From the line with "Sweter damski niebieski" to the final line of the data below, please write out every line exactly, with no pictures.

(Source data)

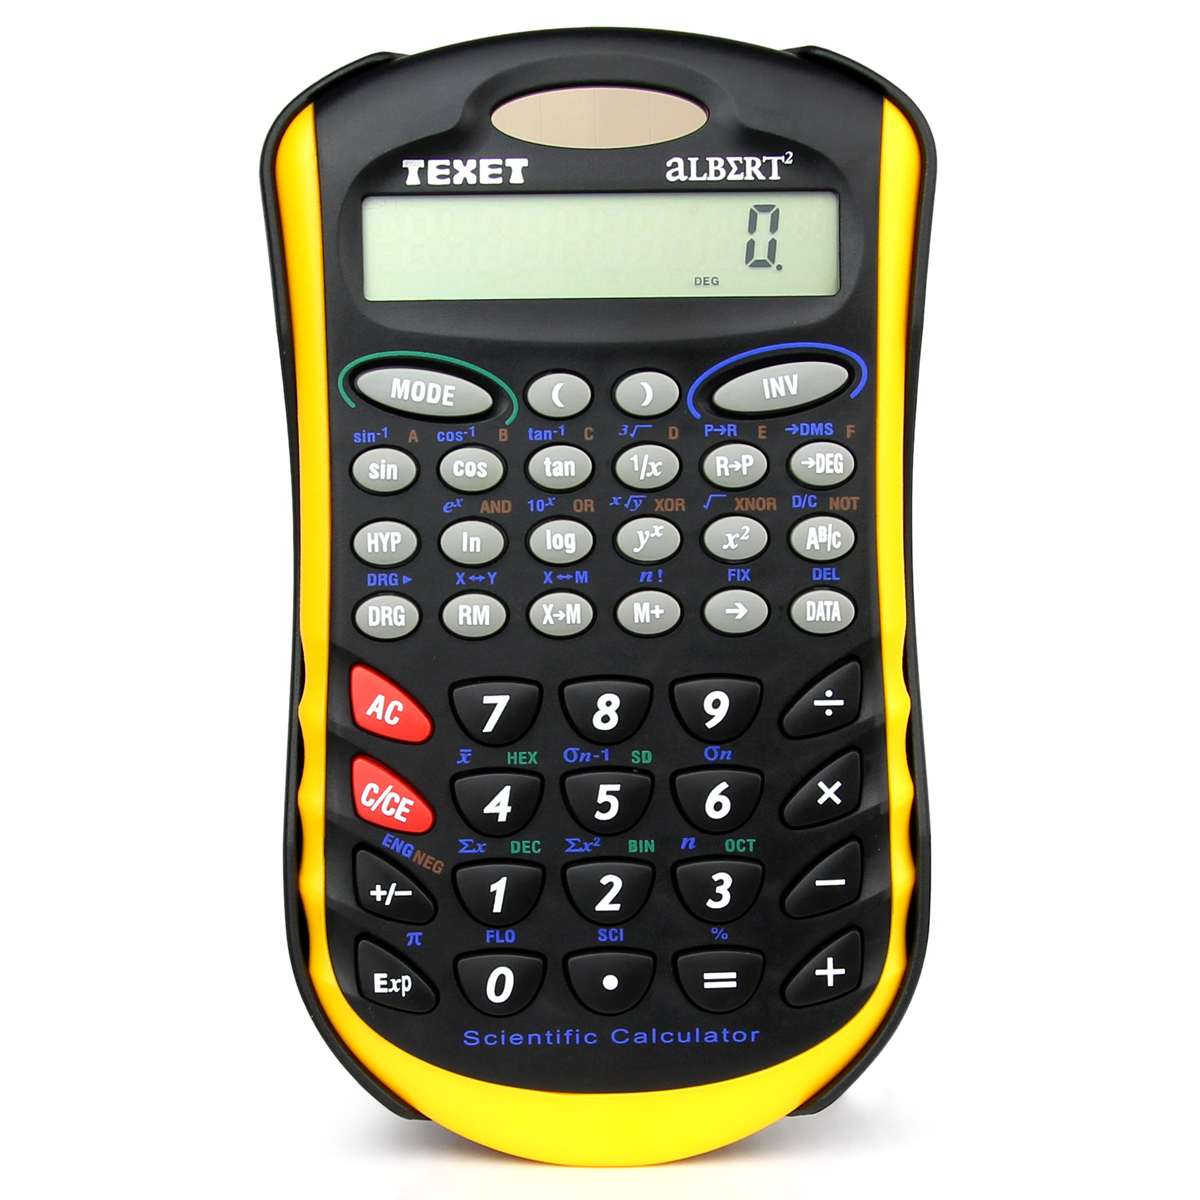 Texet Albert2 Calculator
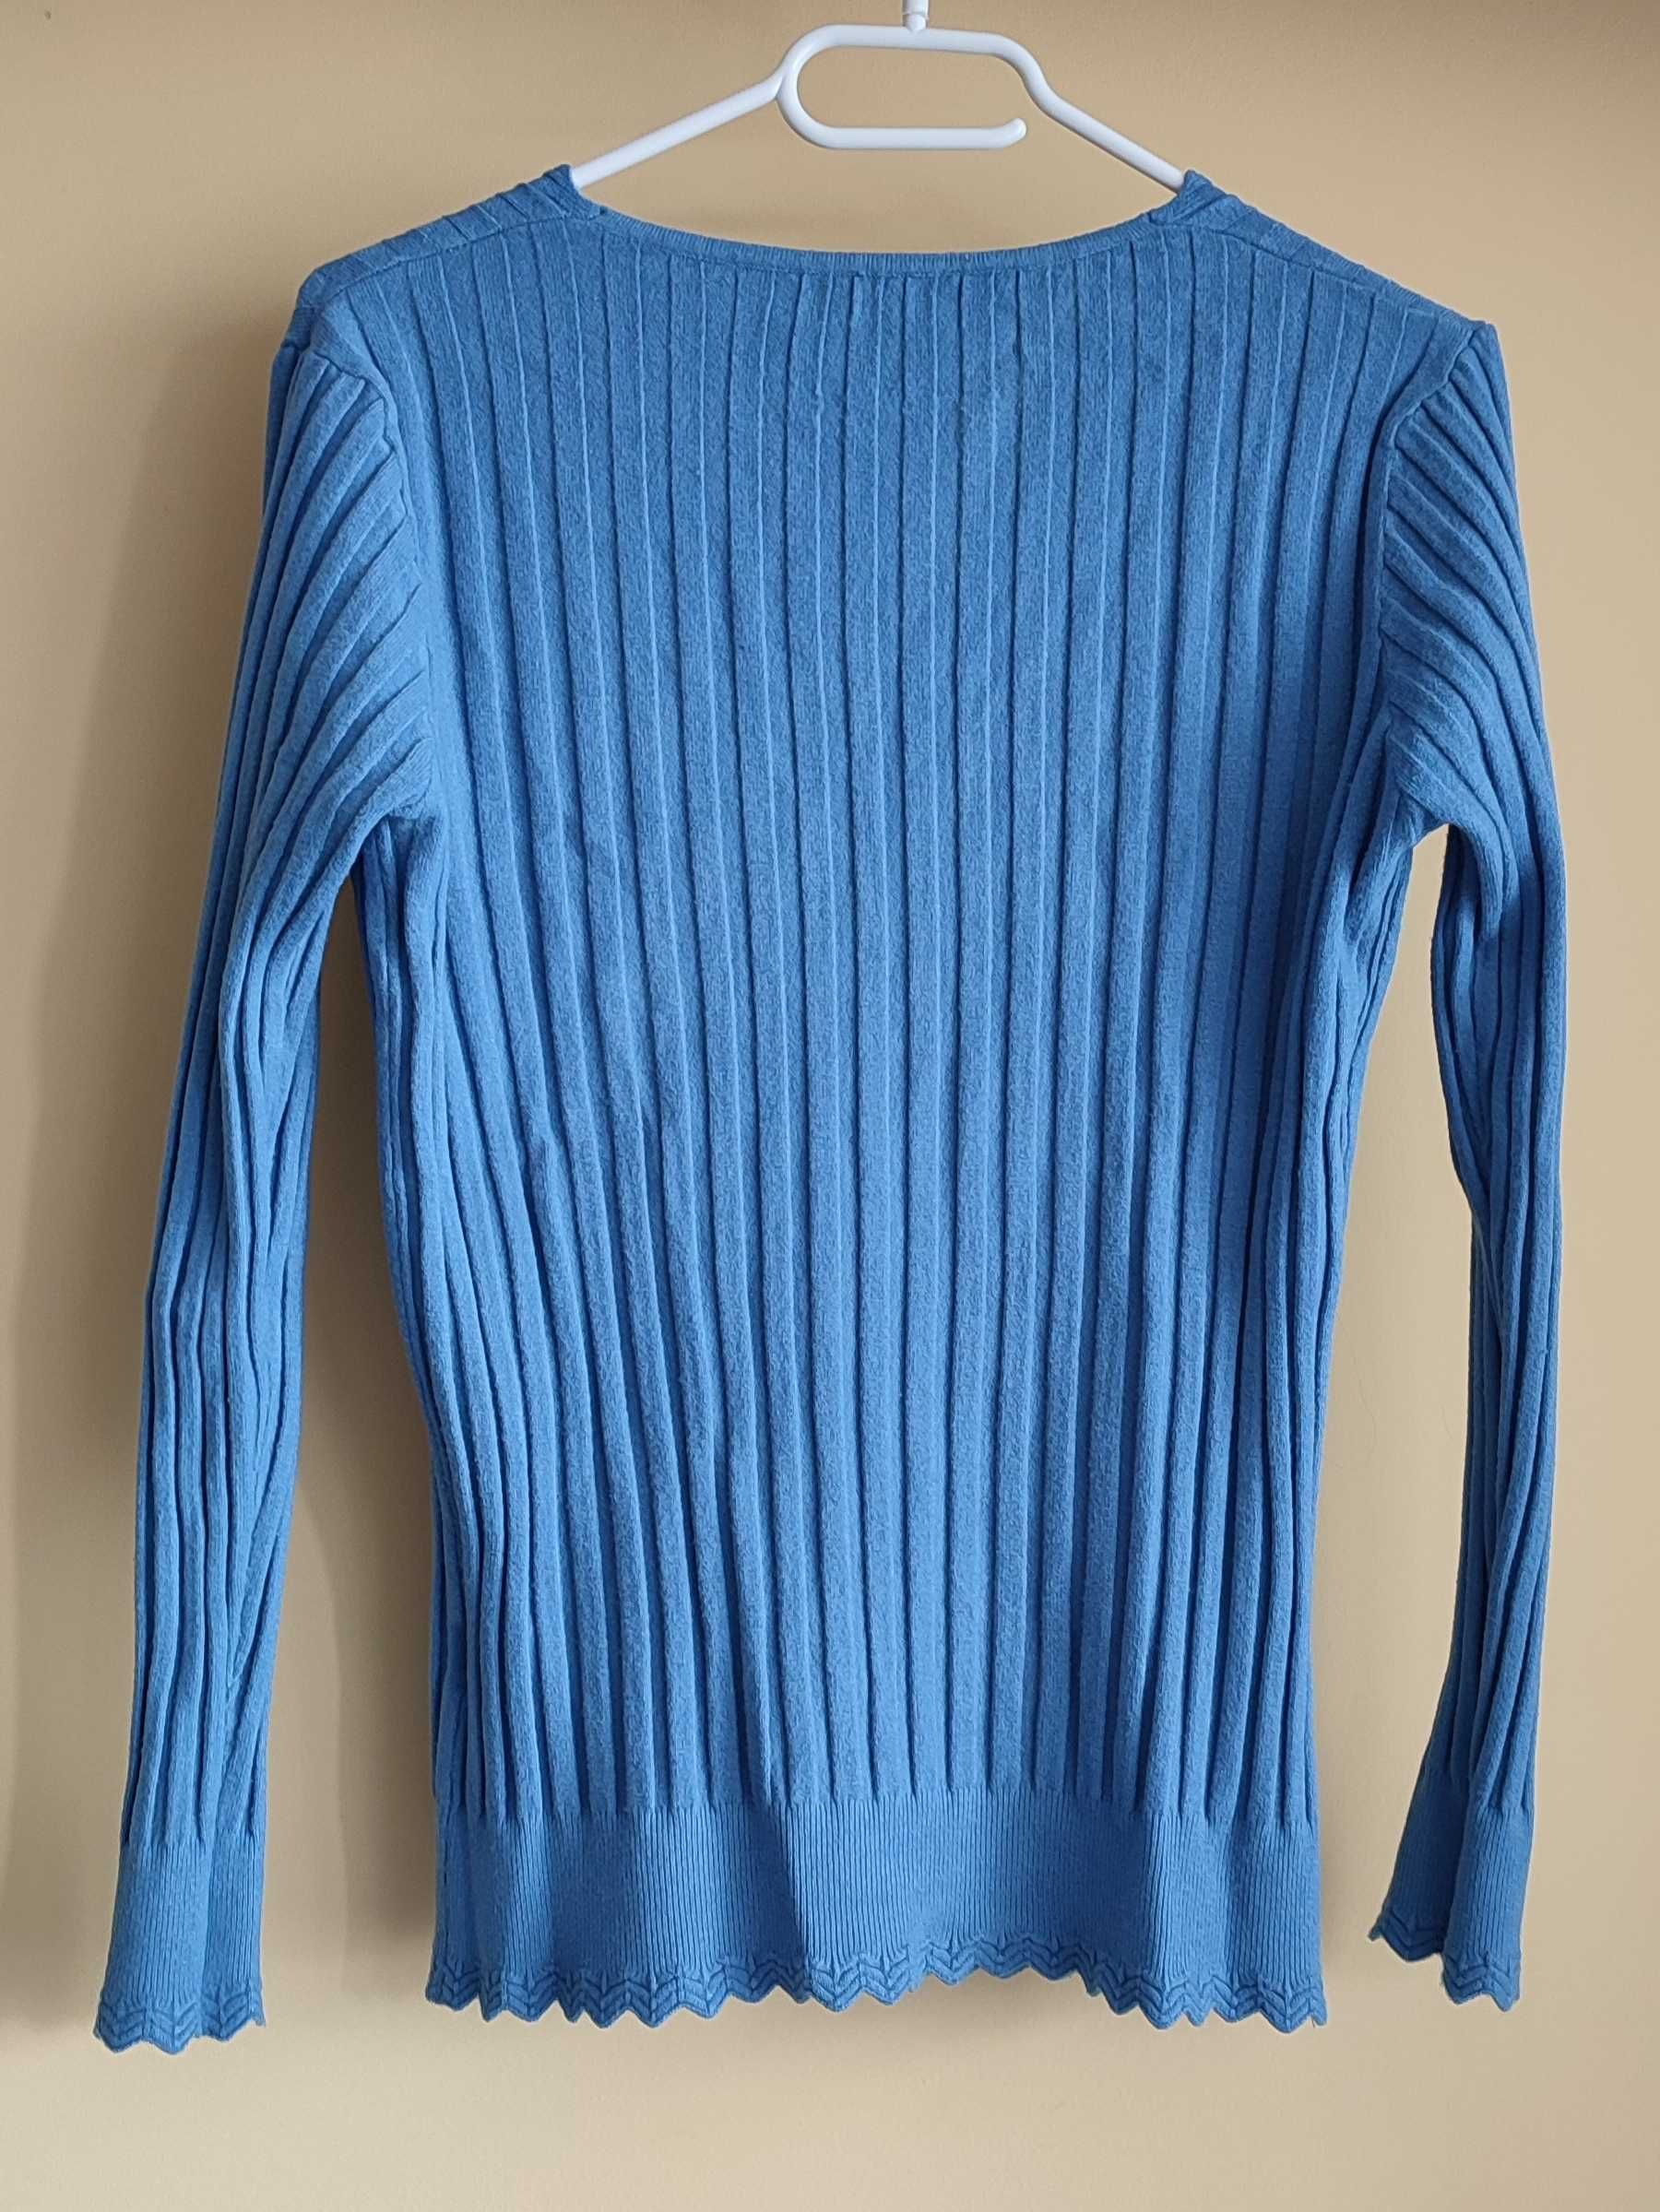 Sweter damski niebieski Kinga XL prążkowany wełna wiskoza kaszmir
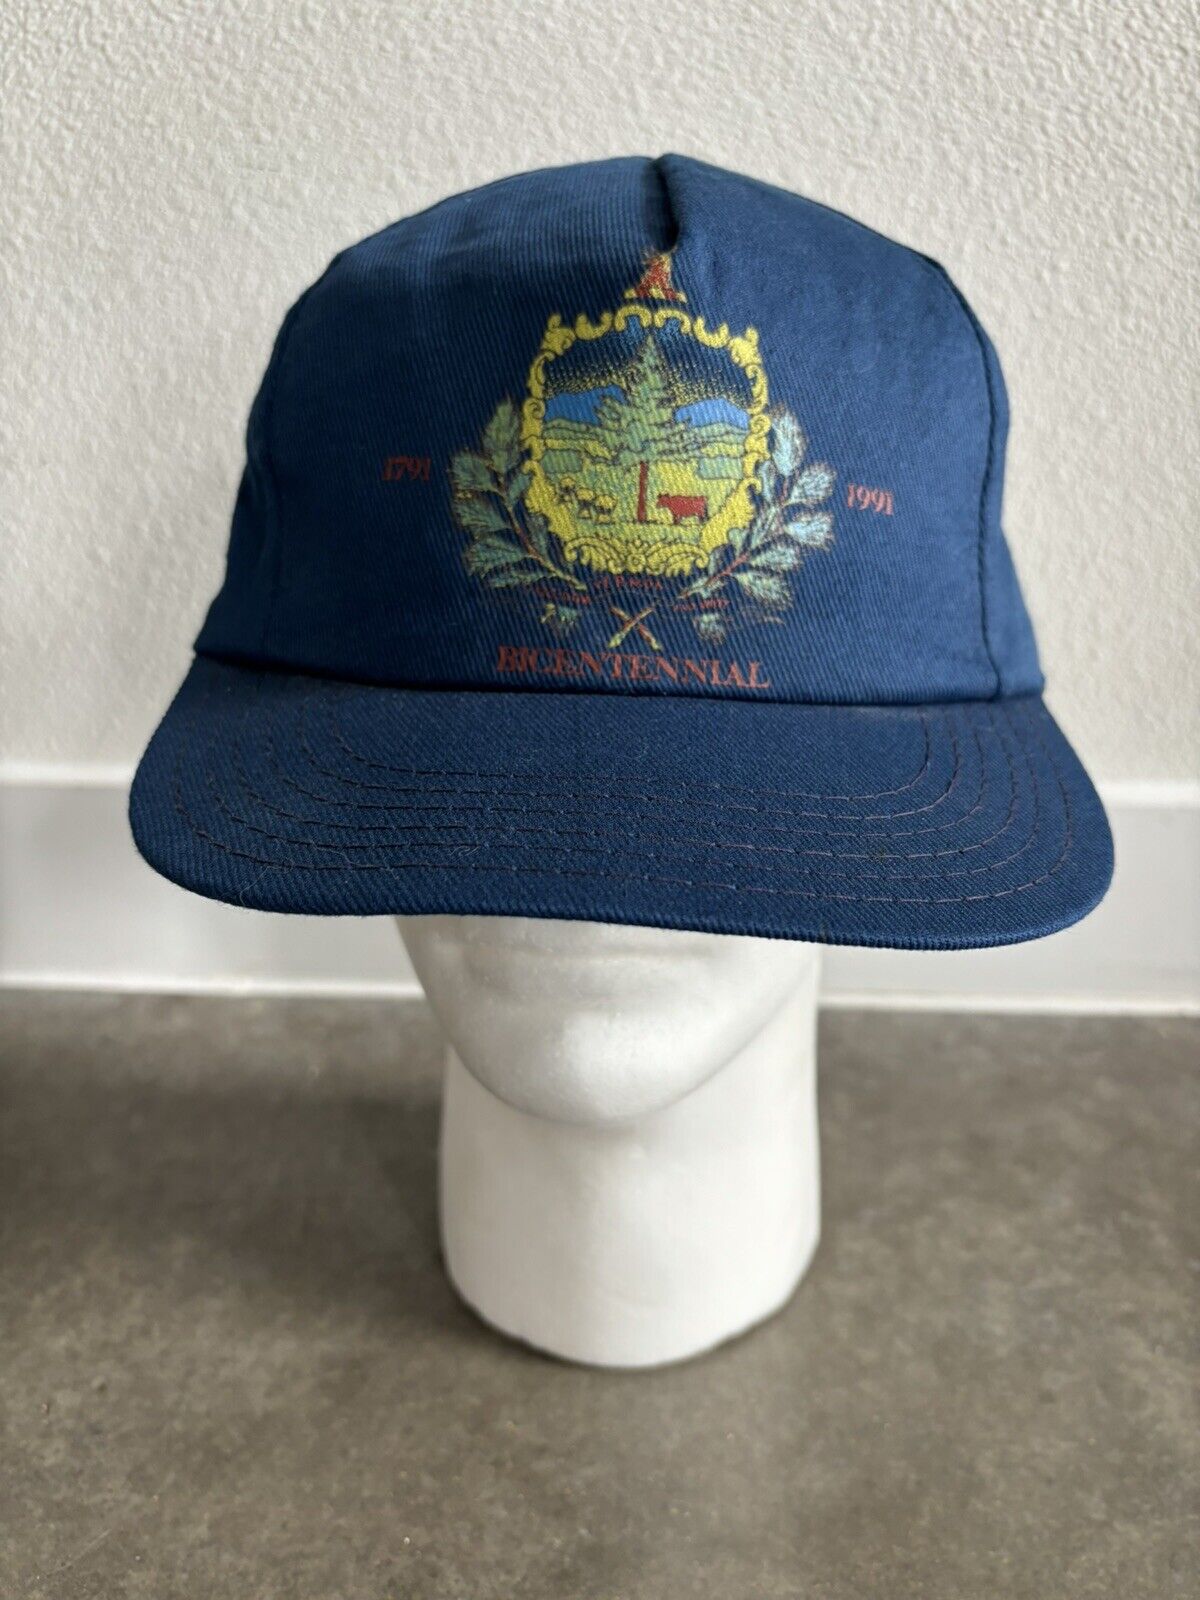 Vintage 1991 Vermont BICENTENNIAL Strapback Hat Blue 14th State 1791 - 1991

(End Source data)

Solution for this task.
 Sweter damski niebieski Kinga XL prążkowany wełna wiskoza kaszmir
 Vintage 1991 Vermont BICENTENNIAL Strapback Hat Blue 14th State 1791 - 1991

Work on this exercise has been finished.